聞言,張昭和顧雍兩個老狐狸相互對視一眼,沒有說話。
片刻後,朱然抬頭先是看了一眼陸抗,又是看了眼張昭和顧雍,隨即才說道:“某是粗人,軍旅出身,平日裏隻懂打打殺殺,在某的認知裡,隻有戰死的將軍,沒有投降的將軍,所以...某也主戰!”
見陸抗、朱然表態,張昭和顧雍依舊默然不語。
兩人的這般舉動,從某種程度上來說,已經表明瞭態度。
見張昭、顧雍不說話,陸抗直接急了:“兩位家主,你們...你們難道有不同意見?”
張昭沒有理會陸抗,目光反而看向朱然問道:“朱將軍,若大王回援,前後夾擊之下,汝有多少把握,生擒劉禪?”
朱然愣了一下,顯然他沒料到張昭會突然問這個問題。
沉思片刻後,朱然略有些遲疑道:“傳聞蜀主麾下的血衣衛,曾正麵迎擊虎豹騎而不落下風,顯然這支騎兵是精銳中的精銳,甚至比大王麾下的‘解煩軍’,更強一籌!”
“若大王的軍隊回援,即便能前後夾擊這支軍隊,生擒劉禪的概率,怕是也隻有不到五成的之數。”

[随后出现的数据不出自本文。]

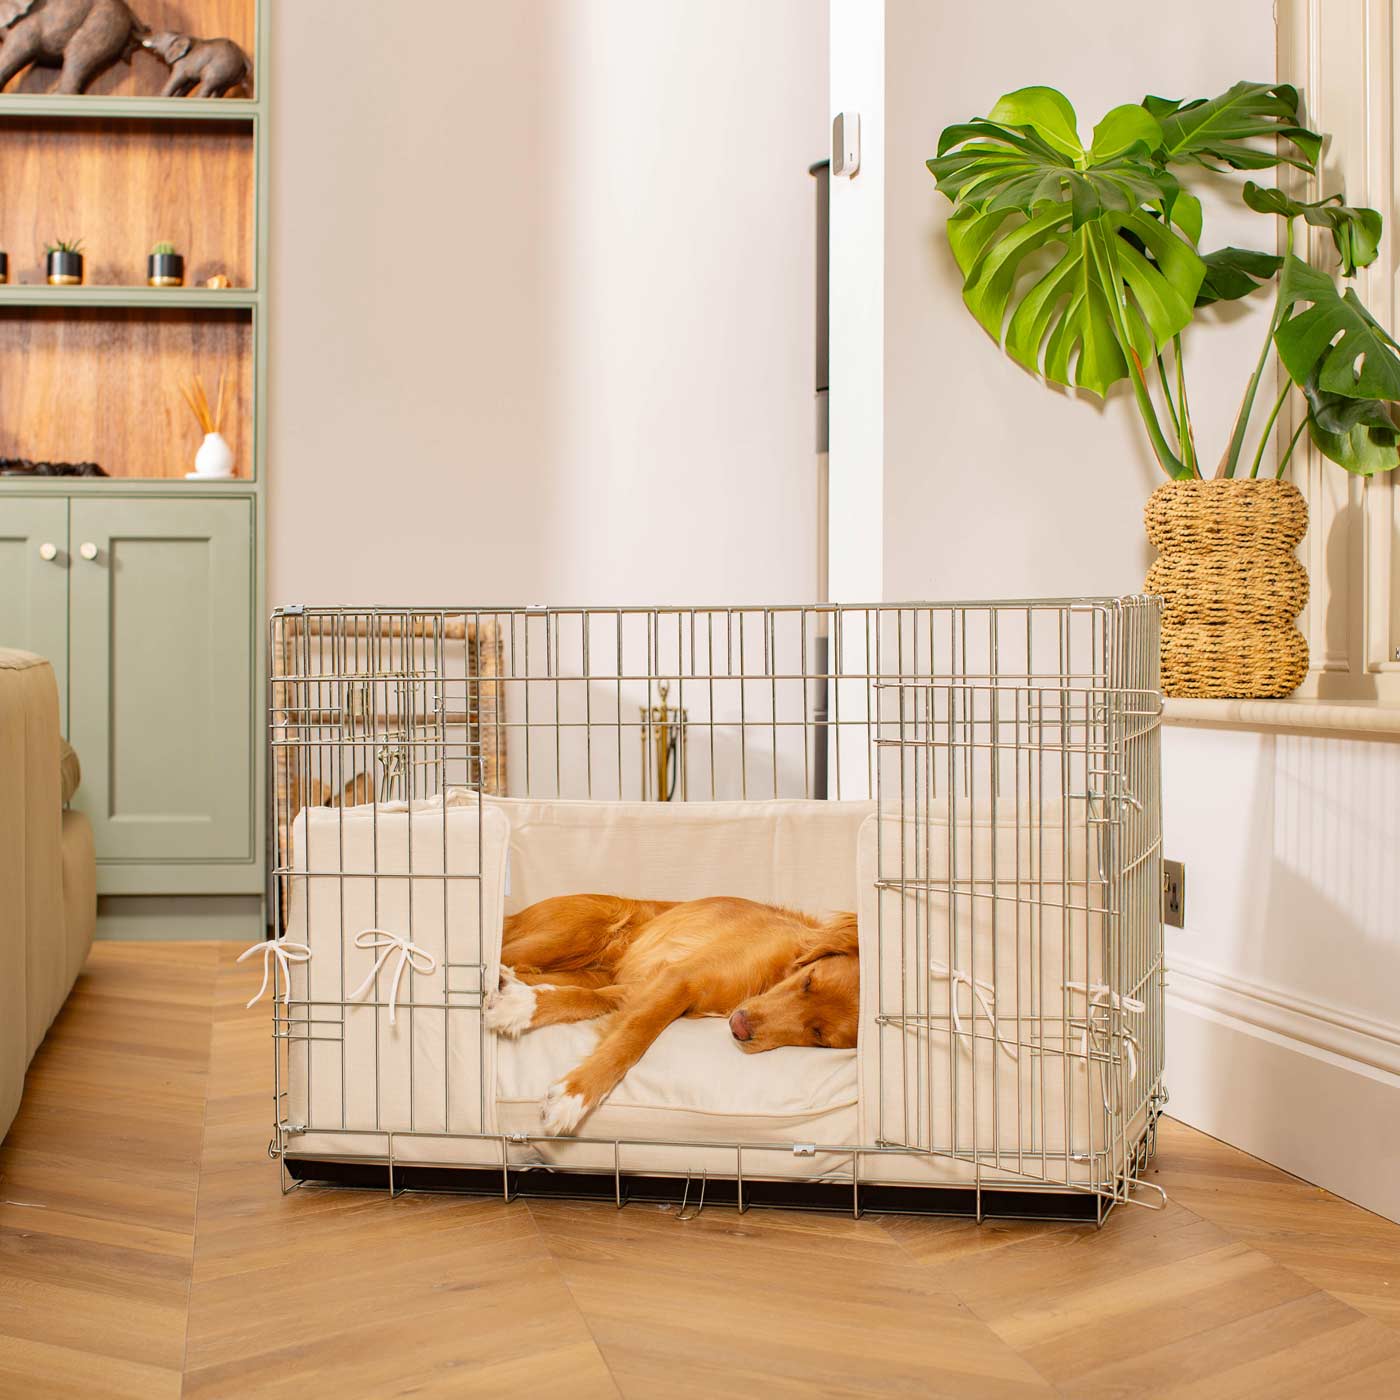 [colour:savanna Bone] Accessorise your dog crate with our stunning bumper covers, choose from our Savanna collection! Made using luxury fabric for the perfect crate accessory to build the ultimate dog den! Available now in 3 colours and sizes at Lords & Labradors

“不足五成?”聞言,張昭冷聲道:“那還有什麼可打的?若不能一戰擒住蜀主劉禪,東吳僅剩三郡之地,安能在魏國和蜀國的夾縫中延續?”
“依老夫之見,不如早降。”
“放屁!”陸抗拍案而起,瞪著張昭怒斥道,“張家主這是要當貪生怕死的叛臣嗎?自古以來,哪有大王未降,臣子先降的道理?”
張昭也不客氣,哼聲道:“難道憑汝這血氣之勇,能擊退蜀軍?若將軍真能率軍生擒劉禪,老夫自當收回剛才的話!”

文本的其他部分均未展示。